◆ Material for this task ◆

==================================================

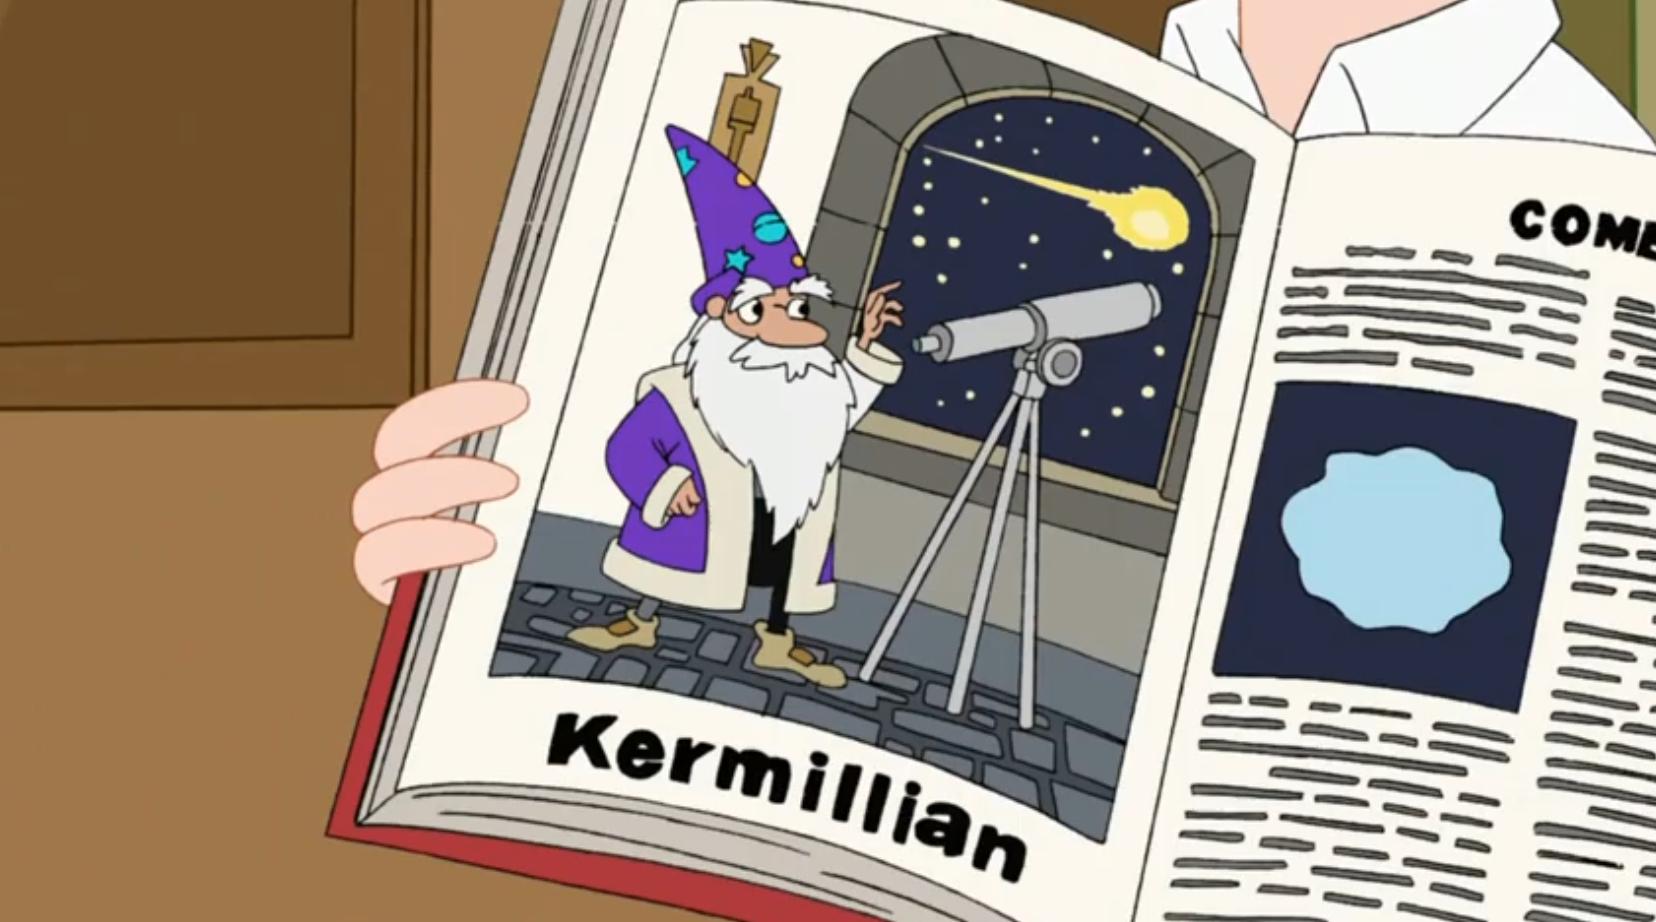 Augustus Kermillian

==================================================

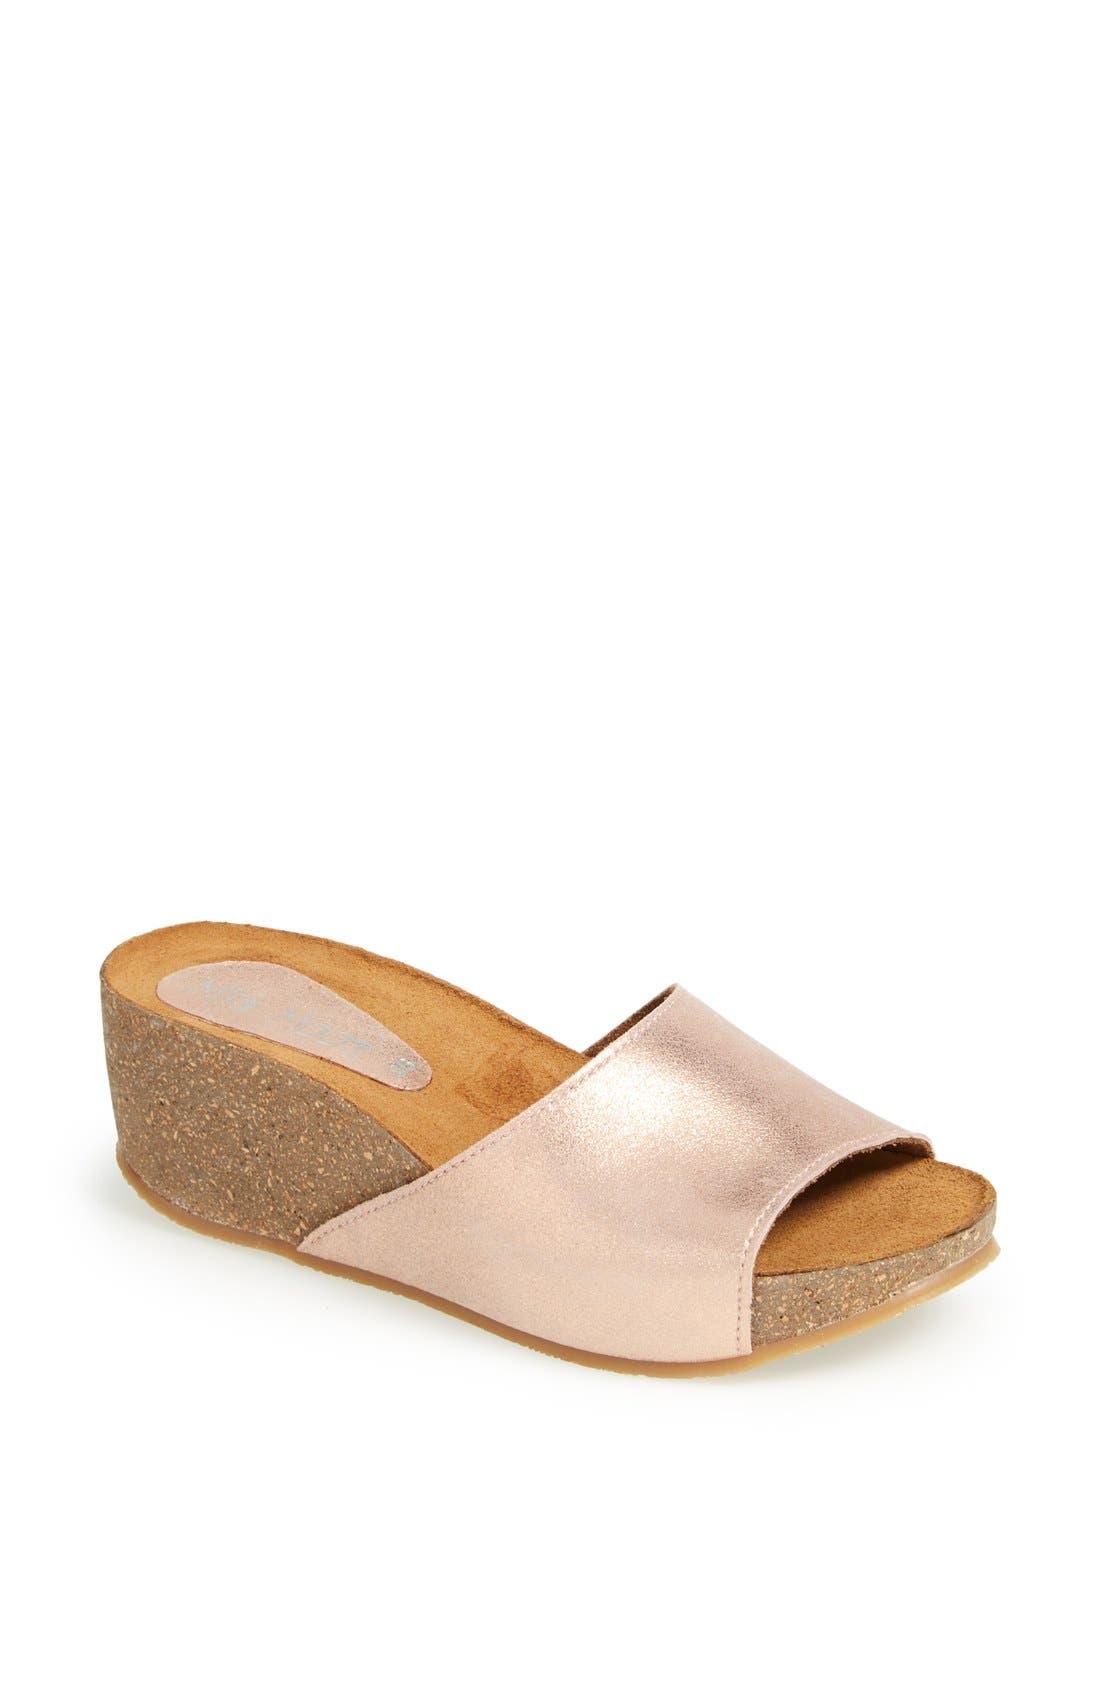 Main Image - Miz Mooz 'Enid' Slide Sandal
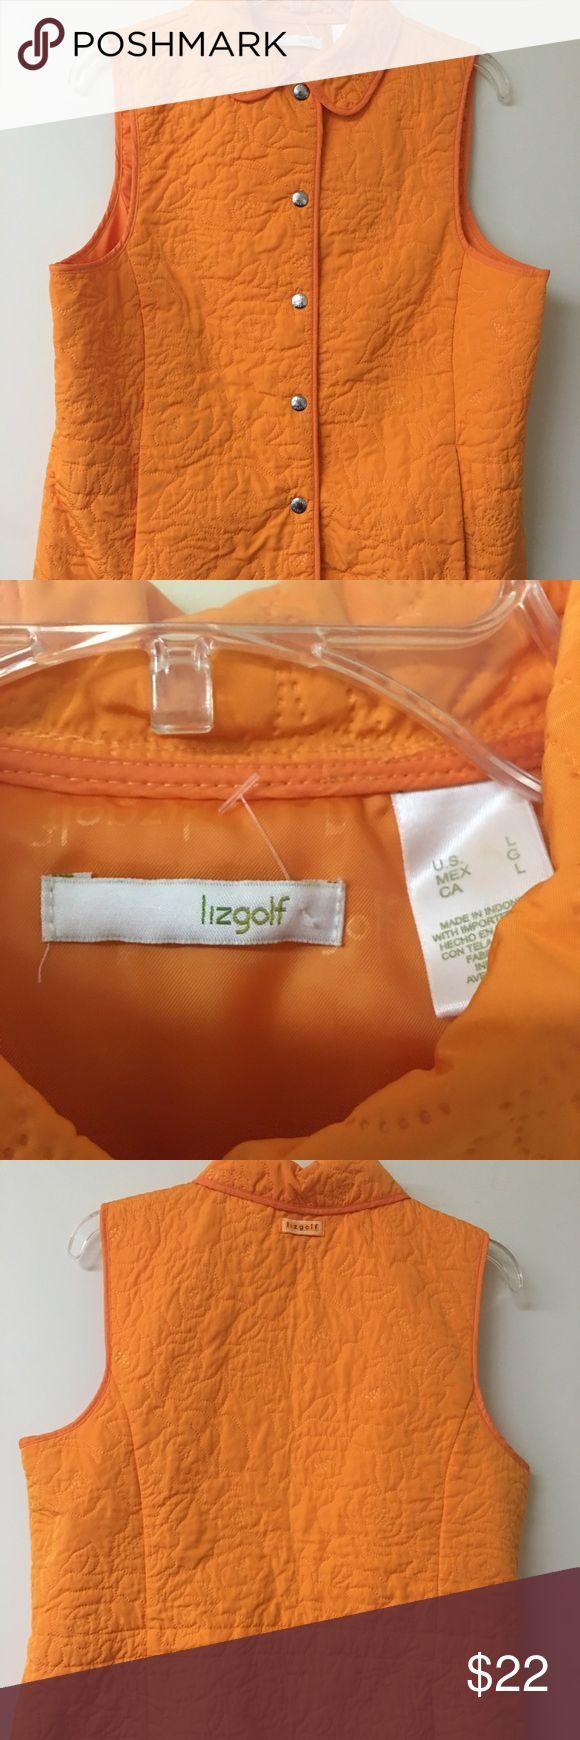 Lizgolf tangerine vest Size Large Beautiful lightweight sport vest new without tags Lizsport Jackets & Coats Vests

==================================================

◆ What this task involves ◆
Within the listing above, the lines from the one with "Main Image - Miz Mooz 'Enid' Slide Sandal" through the one with "Lizgolf tangerine vest" are to be given again word for word. Do not include pictures.

◆ Response ◆
 Main Image - Miz Mooz 'Enid' Slide Sandal
 Lizgolf tangerine vest Size Large Beautiful lightweight sport vest new without tags Lizsport Jackets & Coats Vests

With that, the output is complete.